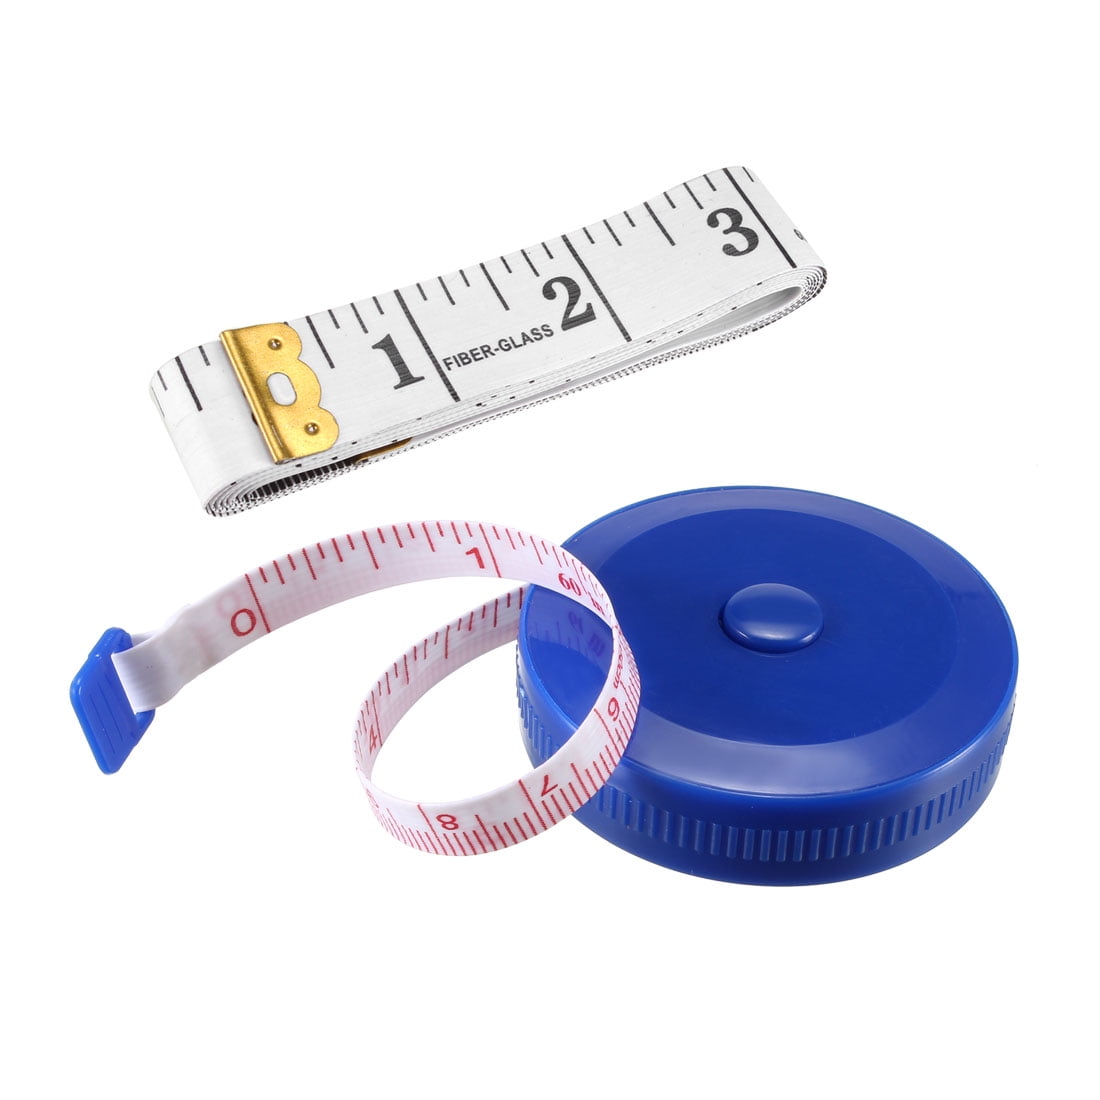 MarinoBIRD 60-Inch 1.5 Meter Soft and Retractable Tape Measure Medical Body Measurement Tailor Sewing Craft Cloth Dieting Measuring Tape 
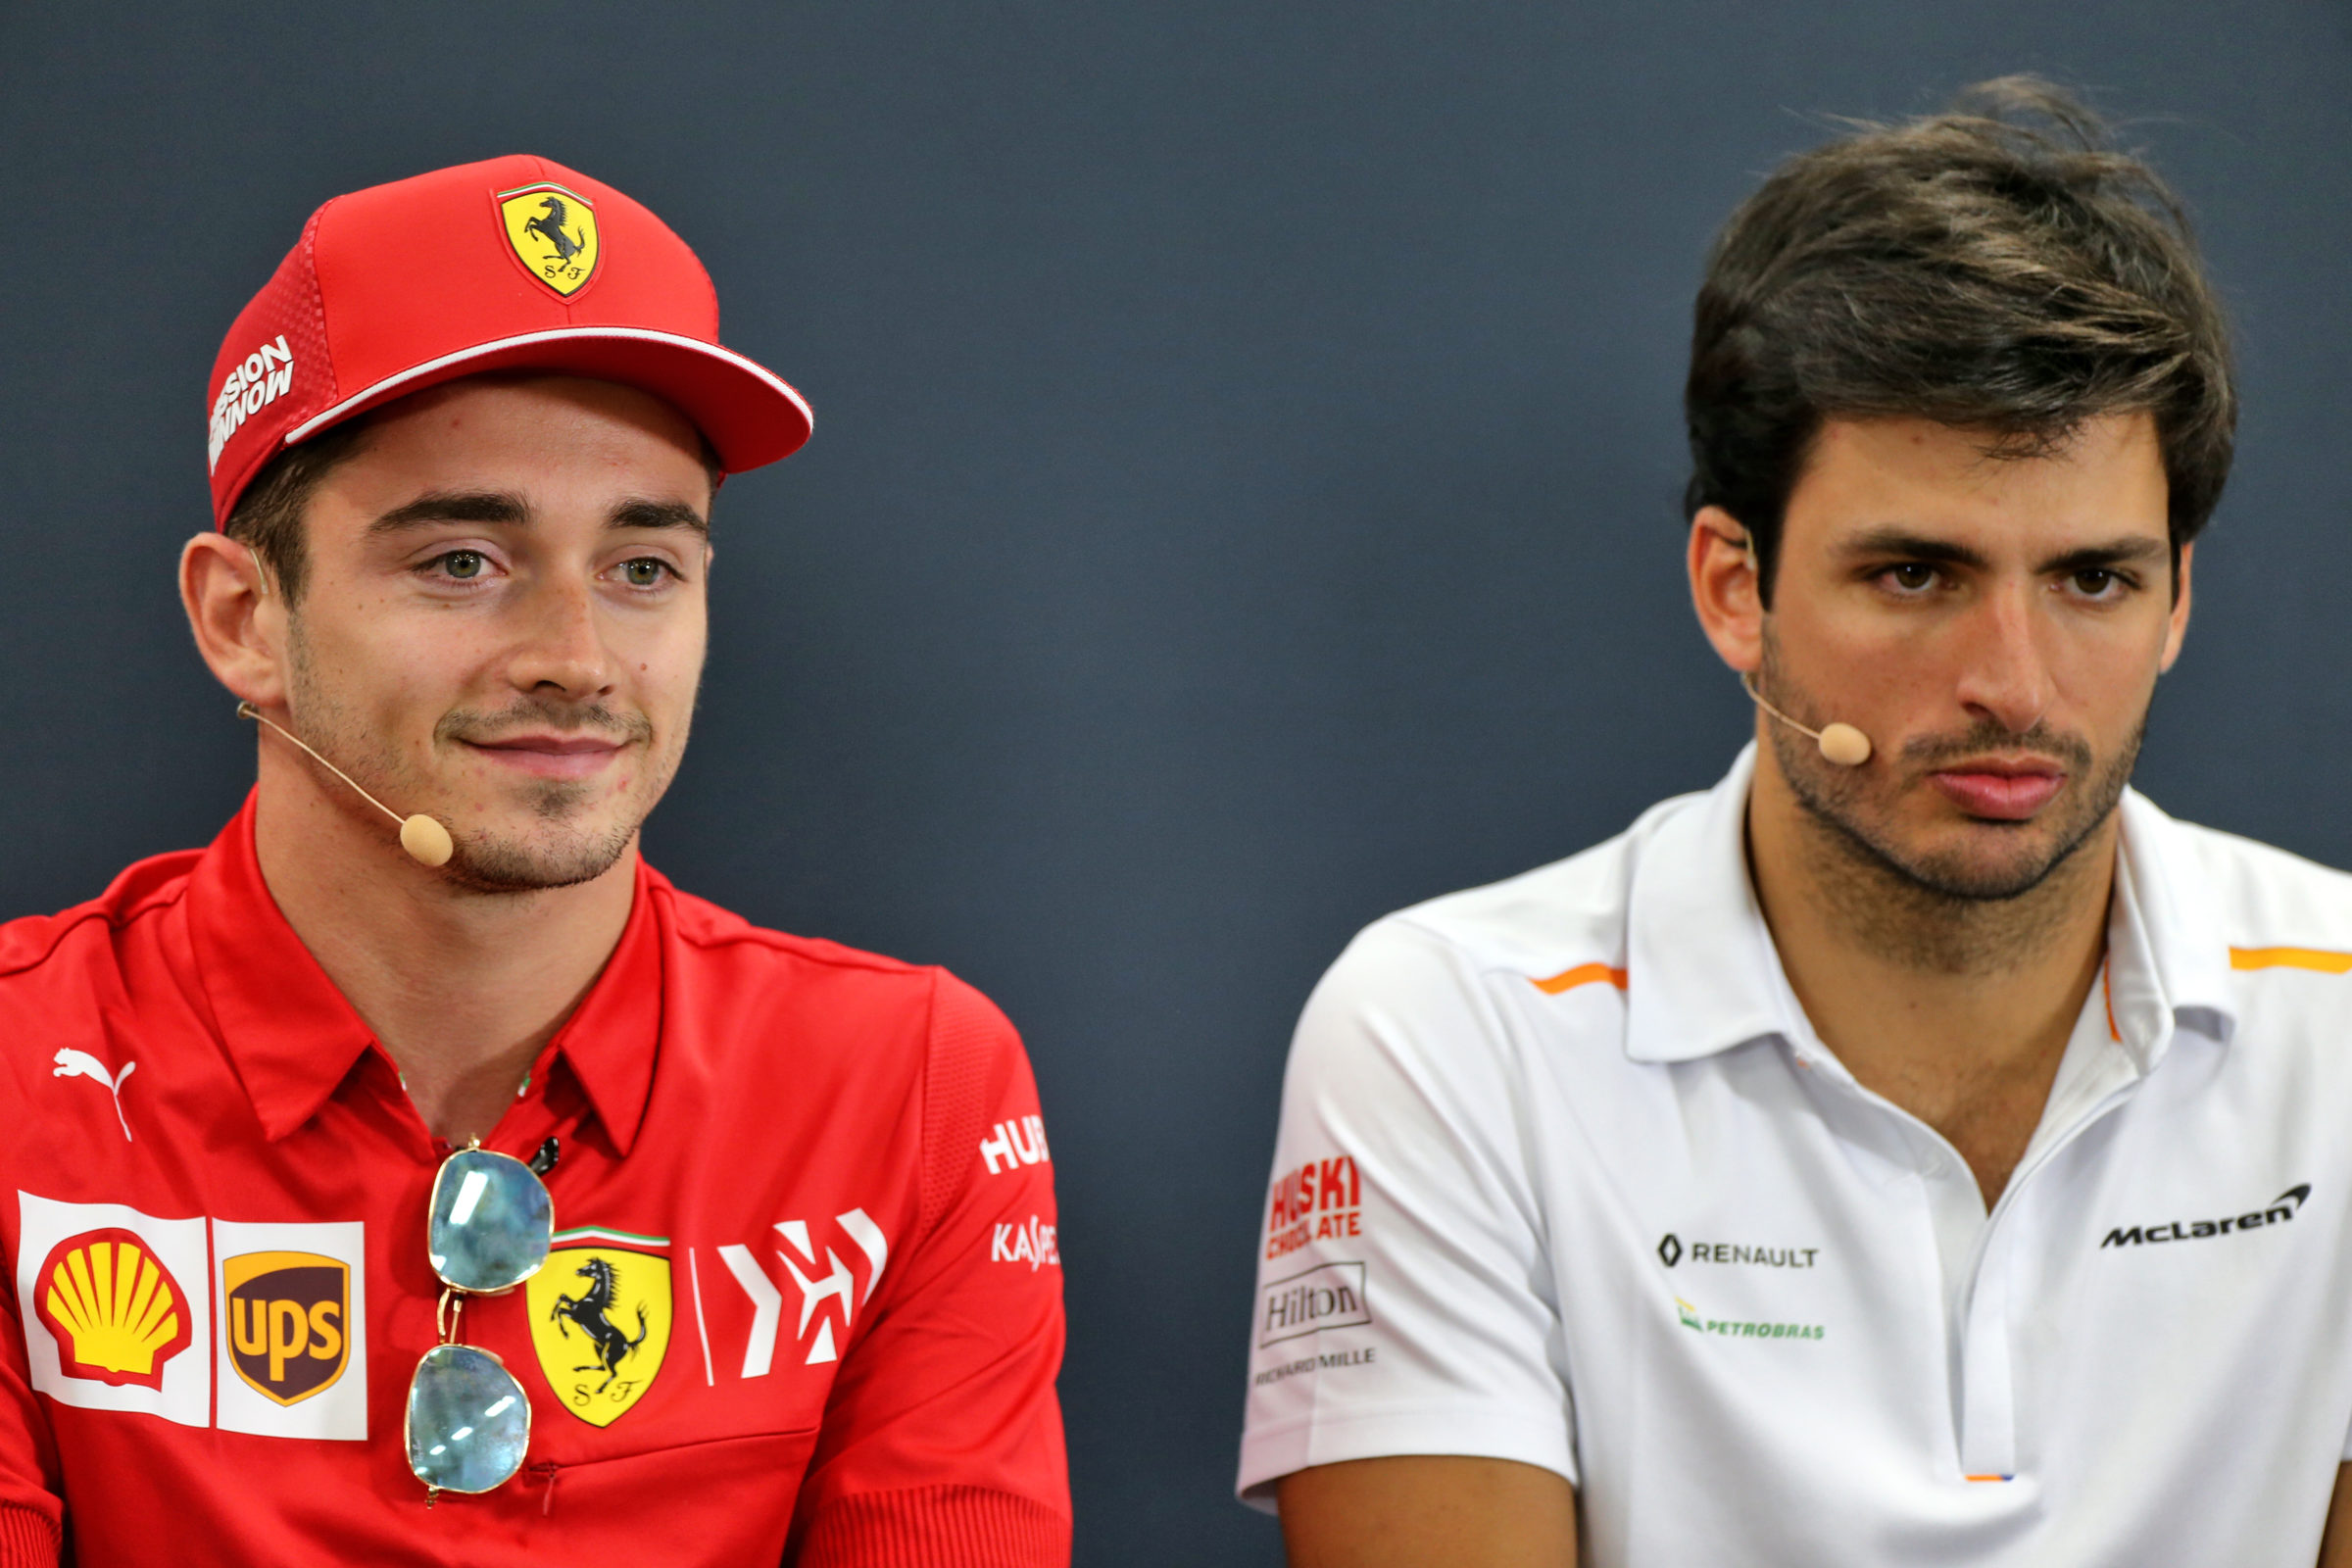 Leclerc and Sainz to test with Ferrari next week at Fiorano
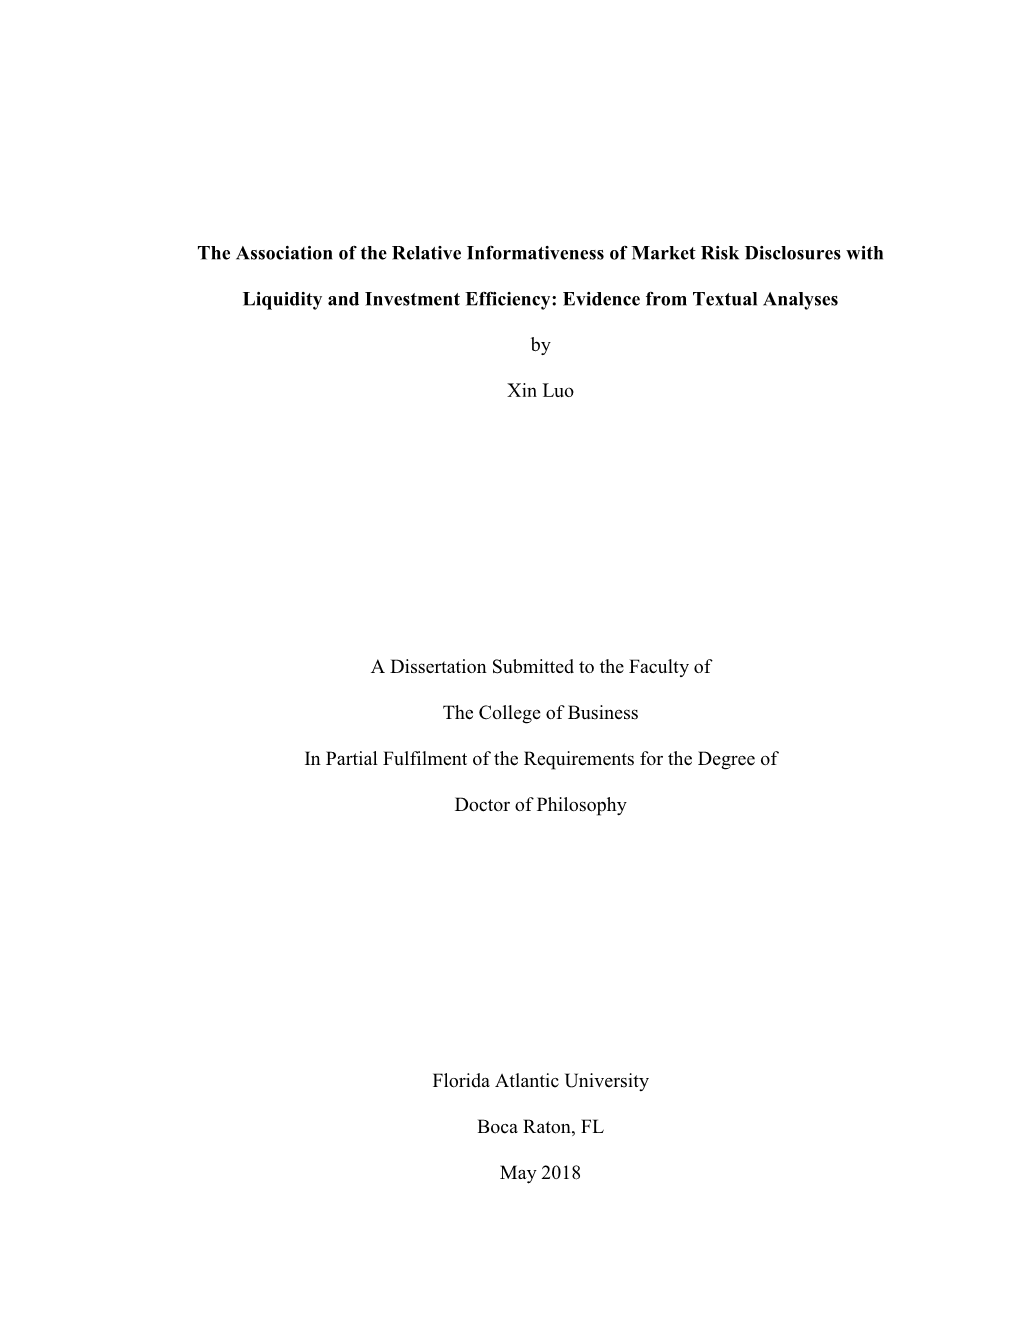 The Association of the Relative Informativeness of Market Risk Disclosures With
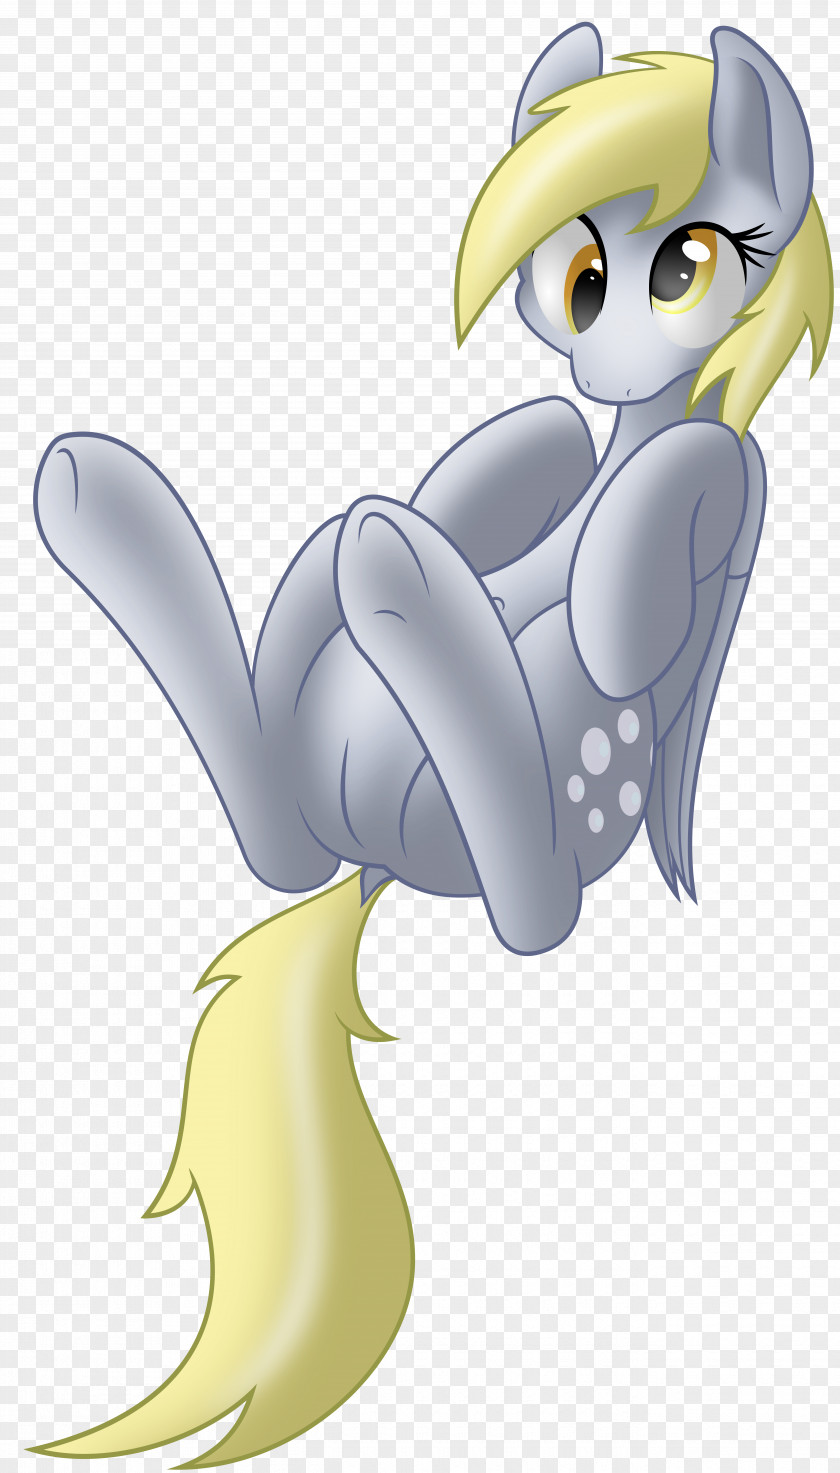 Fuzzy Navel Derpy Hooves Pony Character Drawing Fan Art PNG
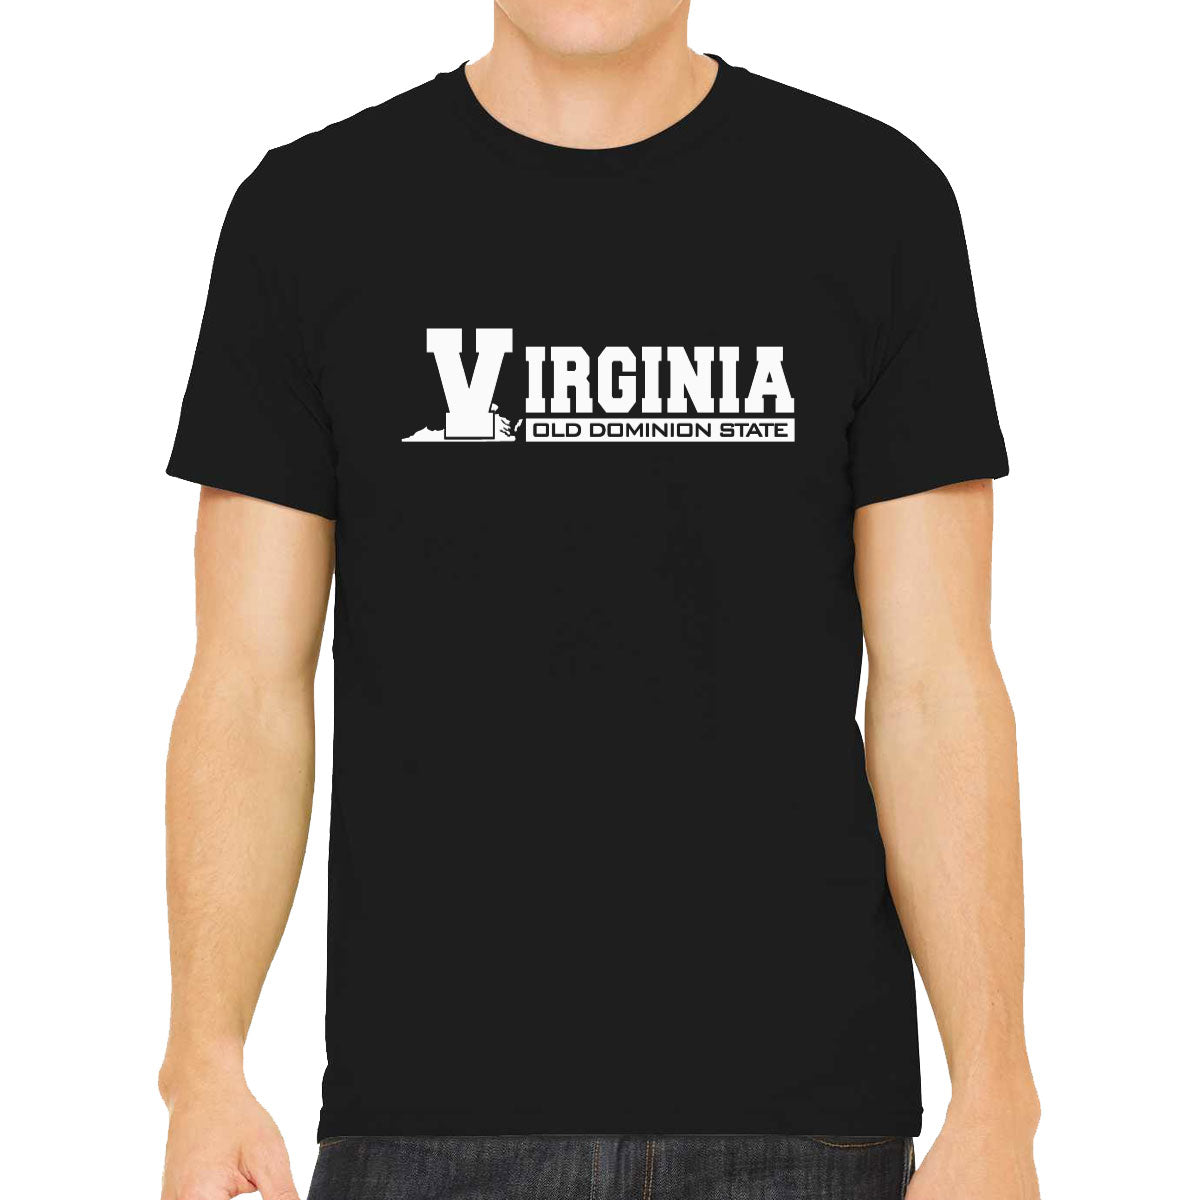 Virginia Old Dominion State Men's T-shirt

— Task directions —
In the data above, the line containing "Leclerc and Sainz" and all lines after it are to be reproduced exactly, leaving out the pictures.

— Task output —
 Leclerc and Sainz to test with Ferrari next week at Fiorano
 The Association of the Relative Informativeness of Market Risk Disclosures With
 Fuzzy Navel Derpy Hooves Pony Character Drawing Fan Art PNG
 Virginia Old Dominion State Men's T-shirt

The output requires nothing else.